Damane Express, mis en place en juin 2012, a bénéficié au cours de ses 3 premiers mois d’activité à 220 TPE pour une enveloppe de crédits de près de 90 MDH et un engagement de la CCG de l’ordre de 63 MDH. L’objectif initial de ce produit était de faciliter l’accès à près de 500 entreprises au cours des douze premiers mois de son lancement. Par nature de crédits, en 1er lieu figurent les crédits d’exploitation suivis des projets de création. Les crédits de développement arrivent en 3e position.

Il est à noter qu’en plus de la garantie qu’elle offre aux établissements bancaires, la caisse peut cofinancer également des projets en faveur des PME en consortium avec d’autres opérateurs.
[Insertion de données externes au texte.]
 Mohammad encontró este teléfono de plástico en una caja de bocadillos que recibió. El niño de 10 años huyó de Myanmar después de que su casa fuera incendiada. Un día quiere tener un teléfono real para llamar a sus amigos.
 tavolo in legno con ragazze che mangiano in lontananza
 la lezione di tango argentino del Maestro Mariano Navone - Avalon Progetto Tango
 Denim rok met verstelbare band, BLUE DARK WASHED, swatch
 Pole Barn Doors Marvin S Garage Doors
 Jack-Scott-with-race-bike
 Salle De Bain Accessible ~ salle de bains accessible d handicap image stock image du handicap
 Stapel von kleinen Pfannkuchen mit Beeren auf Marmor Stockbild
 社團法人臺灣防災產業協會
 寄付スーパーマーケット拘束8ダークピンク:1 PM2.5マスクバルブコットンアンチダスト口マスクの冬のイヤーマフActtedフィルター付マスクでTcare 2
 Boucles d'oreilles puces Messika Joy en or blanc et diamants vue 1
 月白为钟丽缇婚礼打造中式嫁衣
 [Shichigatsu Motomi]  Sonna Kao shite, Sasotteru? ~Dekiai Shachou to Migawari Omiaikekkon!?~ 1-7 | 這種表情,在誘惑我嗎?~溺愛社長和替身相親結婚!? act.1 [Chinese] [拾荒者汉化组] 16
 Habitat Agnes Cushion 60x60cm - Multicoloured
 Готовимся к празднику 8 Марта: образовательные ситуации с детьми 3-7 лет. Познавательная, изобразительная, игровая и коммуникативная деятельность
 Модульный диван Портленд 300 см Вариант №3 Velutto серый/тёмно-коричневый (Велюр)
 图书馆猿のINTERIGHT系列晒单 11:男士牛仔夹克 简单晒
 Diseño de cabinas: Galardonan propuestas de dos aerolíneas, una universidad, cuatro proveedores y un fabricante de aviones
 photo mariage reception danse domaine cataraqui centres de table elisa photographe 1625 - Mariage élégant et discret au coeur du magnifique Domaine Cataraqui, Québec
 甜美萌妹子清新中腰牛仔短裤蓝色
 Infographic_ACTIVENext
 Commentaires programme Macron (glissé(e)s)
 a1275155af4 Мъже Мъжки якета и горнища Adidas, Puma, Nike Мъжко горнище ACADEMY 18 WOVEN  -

A travers ce procédé, l’établissement a débloqué, à fin septembre 2012, une enveloppe de 1,3 milliard de DH, bénéficiant à quelque 2 524 entreprises.

C’est dire tout le potentiel qui s’offre aux PME qui, pourtant, ne manquent aucune occasion pour souligner leur difficulté à se financer auprès des banques qui, selon les responsables desdites entreprises, ne jurent que par des garanties réelles souvent rédhibitoires à leur encontre, rarement adaptées à leur réalité.

Par ailleurs, et puisque les crédits consentis ne se dénouent pas tous sur une bonne note, la CCG fait état d’un coefficient de sinistralité net de 5,98% traduisant la fréquence des cas où la banque partenaire s’est vue contrainte à mettre en jeu la garantie de la CCG. Des cas agrégés qui totalisent un volume global avoisinant 91 MDH étalés sur les trois dernières années. Ce constat a été de nature à pousser l’établissement à durcir sa politique de risque en se basant sur les dernières approches en matière de gestion et suivi des risques, ainsi qu’en faisant contribuer tous les comités de la caisse.

A titre de rappel, la CCG est un instrument étatique, fort d’une expérience d’environ 60 ans au service de la PME. Il bénéficie de dotations annuelles par nature de crédit, des remboursements des cofinancements, et du produit des intérêts y afférents, en tant que ressources. De quoi servir plusieurs PME, pourvu qu’elles s’essaient à la chose.